These notes correspond to the part of the project detailed here.

Modelling


14/6/10

First meeting regarding modelling capabilities, decisions of what software to use and other priorities.


17/6/10

Presentation of basic ideas to advisors. Given the green light to proceed using tools and languages discussed.


18/6/10

Commencement of detailed research regarding proposed pathways and their actions.


21/6/10

Setting up the various tools required to use Kappa throughout the project. Collaboration with Donal's Masters project, and the simulation package he's developing for it. Debugging and testing of said package to continue throughout project timeline.


22/6/10

Commencement of analysis and understanding of Ty Thomson's repressilator model, as well as the underlying framework proposed for BioBricks. BioBricks are not characterised to the level of detail necessary for full accuracy, so apparent even at this stage that the initial model will focus on design and prototyping of the system rather than precise interactions. Presentation of framework as a possible future standard of characterisation?
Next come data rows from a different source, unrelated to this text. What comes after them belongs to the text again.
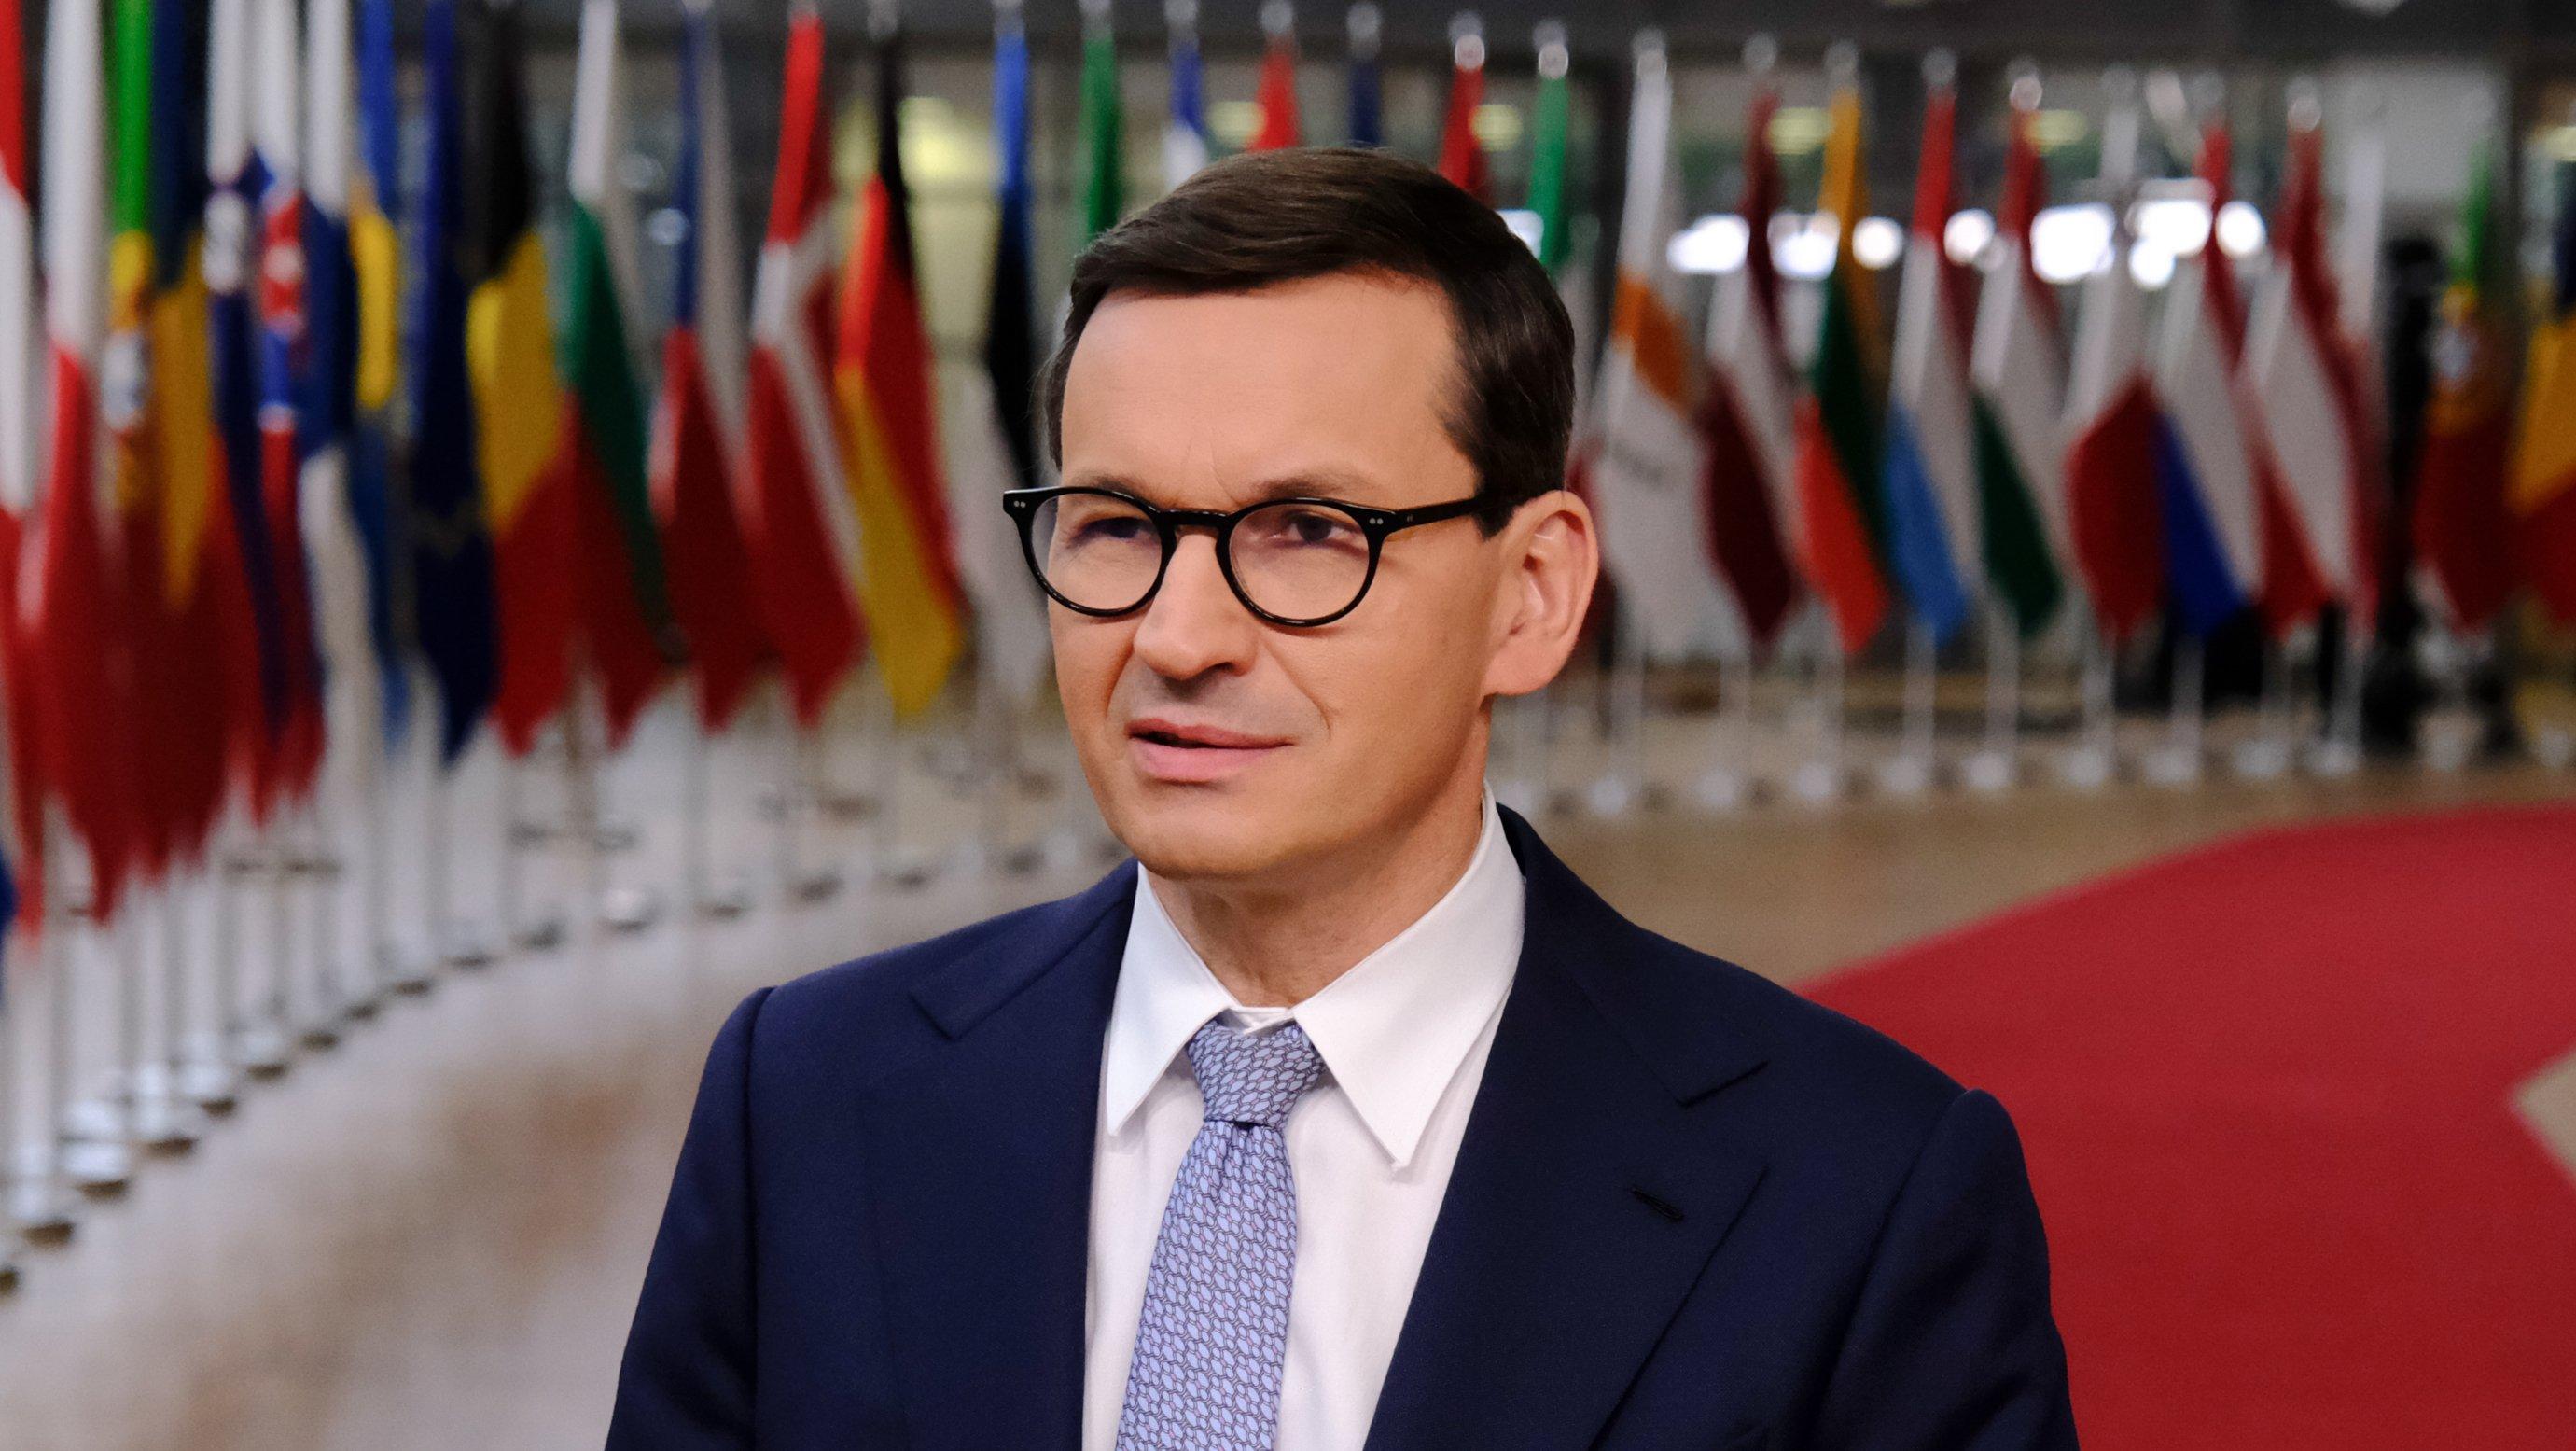 EU Leaders' Summit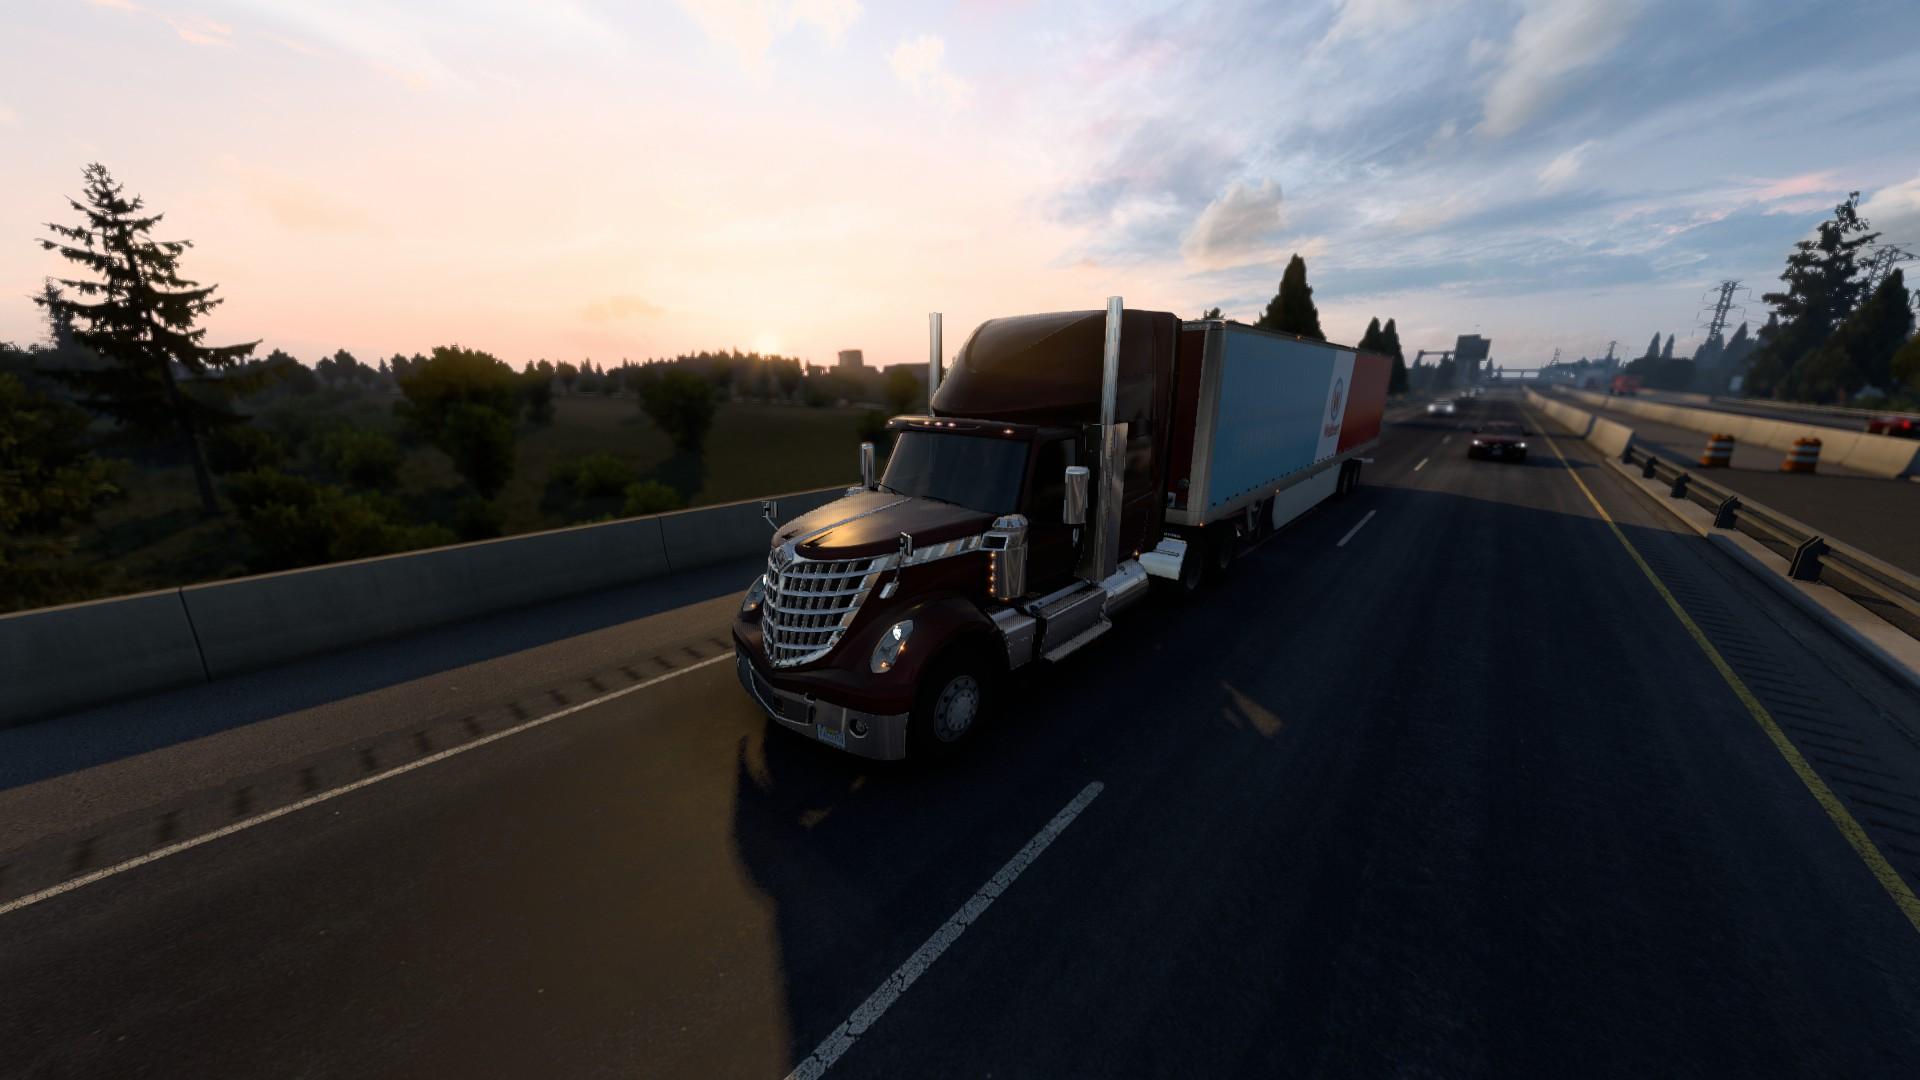 American Truck Simulator Update 1.40 Evening Shot 1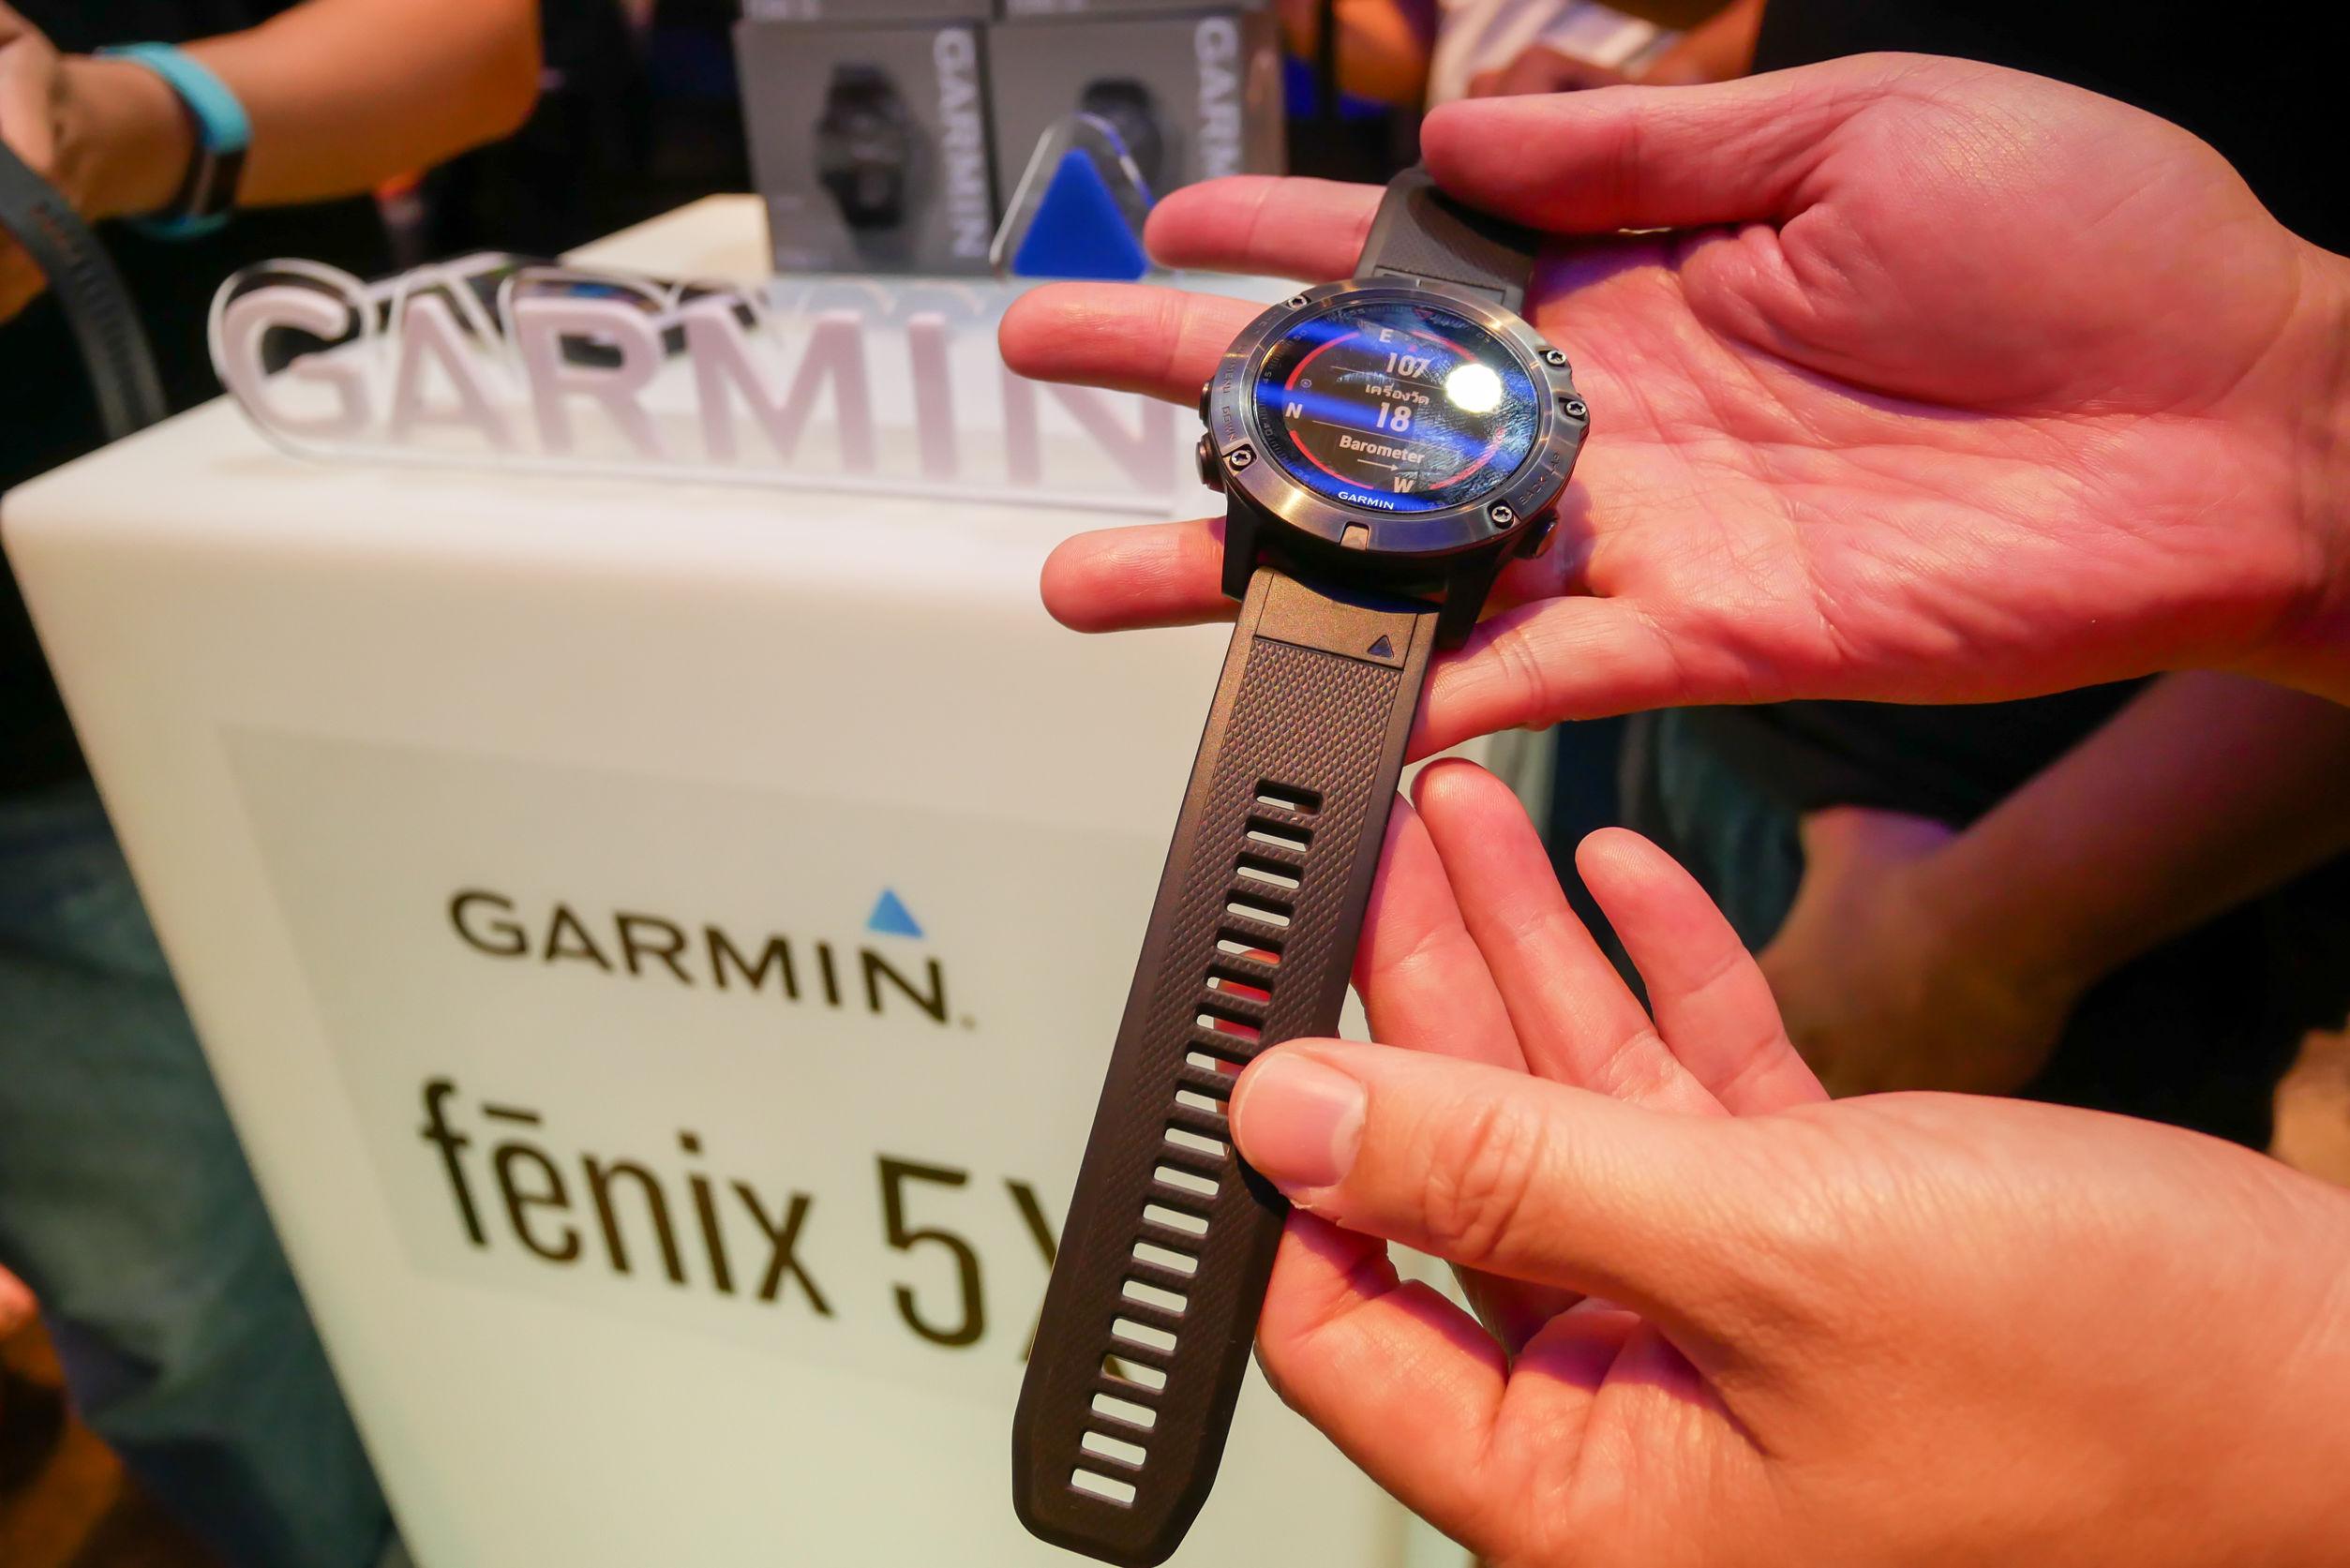 Garmin Fenix: Test & Empfehlungen (03/21)

Also talked to biologists regarding the model itself and what assumptions can be safely made, i.e. levels of light linked to expression levels of light-producing protein, in turn indirectly linked to the characteristics (such as transcription rates) of promoters. The ultimate modelling question could thus be: how to calibrate production of protein (and thus light) such that the sensor is able to react to it appropriately? Will we be able to characterise the parts to the correct extent such that we're able to do this accurately?

... we hope so.


24/6/10

Plan of action drawn up for the next two weeks, including the proposed milestones for the modelling side of the project. Aim is to get preliminary model done (and debugged, very important this) by 10/7.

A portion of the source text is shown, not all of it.